= Percival Thirlwall =

15th century standard-bearer of Richard III

The Royal Standard of Richard III at the Battle of Bosworth.

Sir Percival Thirlwall was the standard-bearer of Richard III during the Battle of Bosworth Field, the penultimate battle in the Wars of the Roses which ultimately brought an end to the reign of the Plantagenets and inaugurated the Tudor dynasty.

Thirlwall fought alongside Richard during his final charge against Henry VII – which was considered to be the "swan song of medieval chivalry" – as he was his standard-bearer. He was slain after the intervention of Sir William Stanley and his force.
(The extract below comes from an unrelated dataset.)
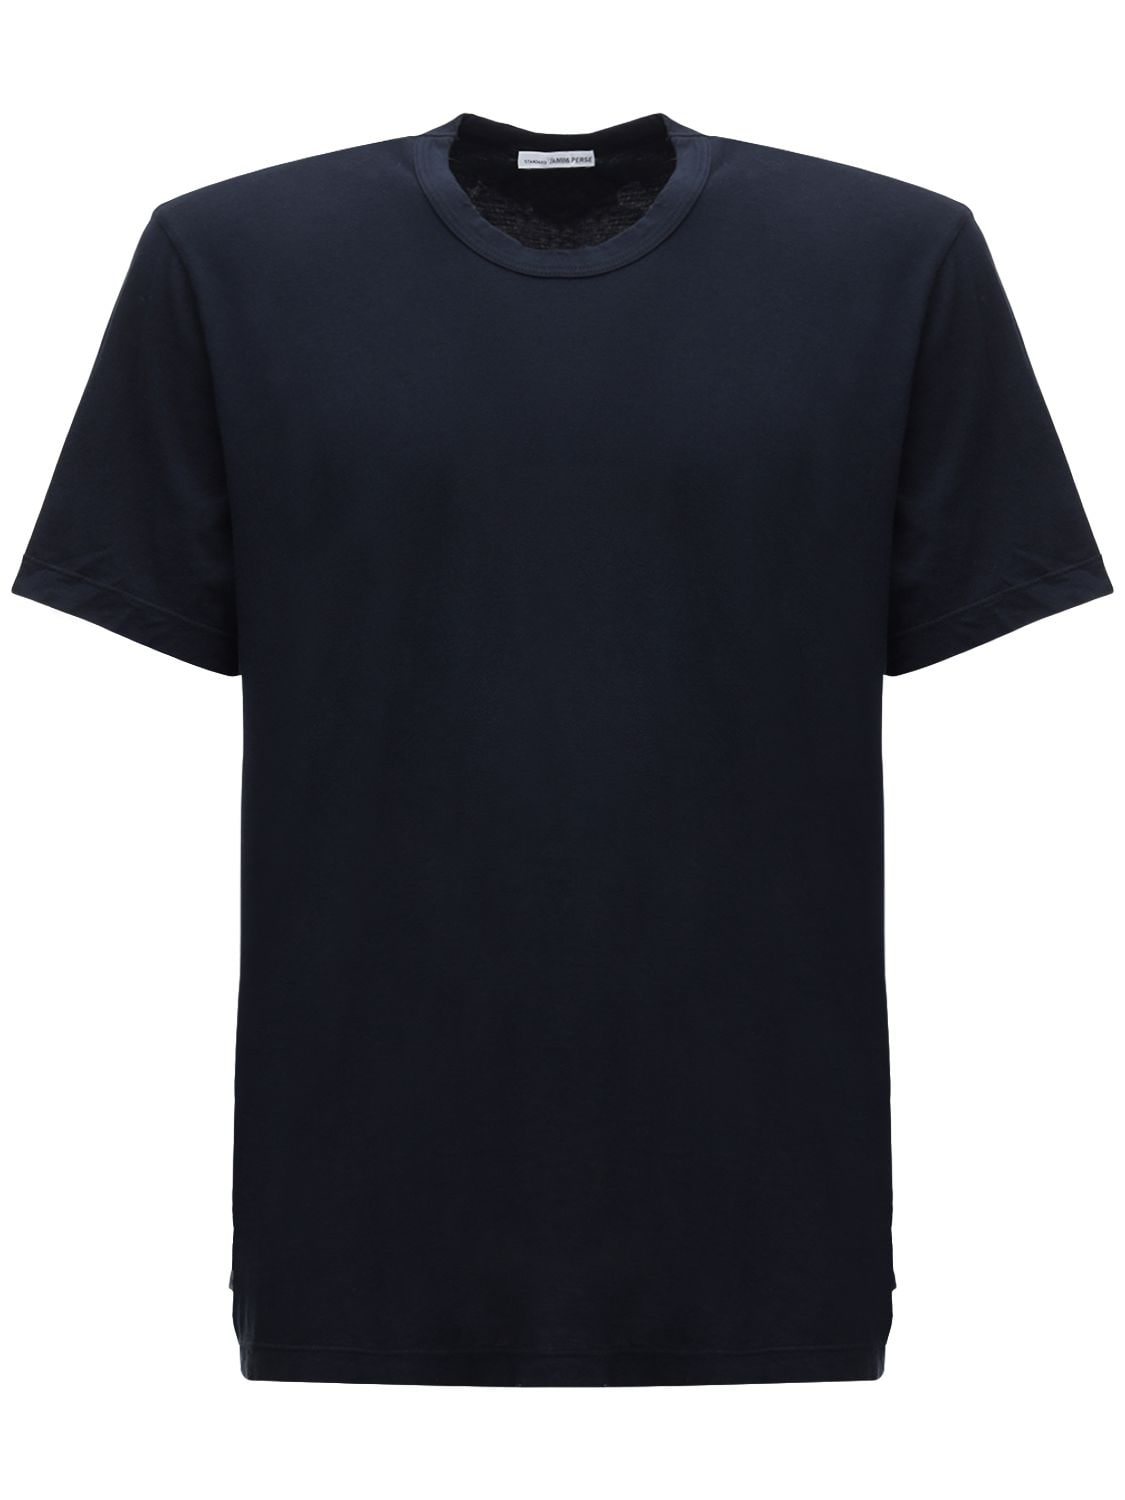 James Perse Lightweight Cotton Jersey T-shirt In Deep | ModeSens

Legend has it that, although Richard's group was failing, Sir Percival held the standard of his King aloft whilst fighting a desperate fight, continuing to do so even with the loss of his legs during combat; he is said to have held the standard until his last breath.

==Family==
Sir Percival Thirlwall was of the Thirwall family, and so he would likely have lived in Thirlwall Castle, as his family had done so from around 1330 until 1748.

==Portrayal in the Ballad of Bosworth Fielde==
This is how Sir Percivall Thirlwall was portrayed in the Ballad of Bosworth Fielde:
"Sir Percivall Thriball, the other hight, & in his hart was true; King Richards’ standard hee kept upright until both his’ leggs’ were hewen him froe; to the ground he wold neuer let itt goe, whilest the breath his brest ws within; yet men pray ffor the knights’ that ever was soe true to their King."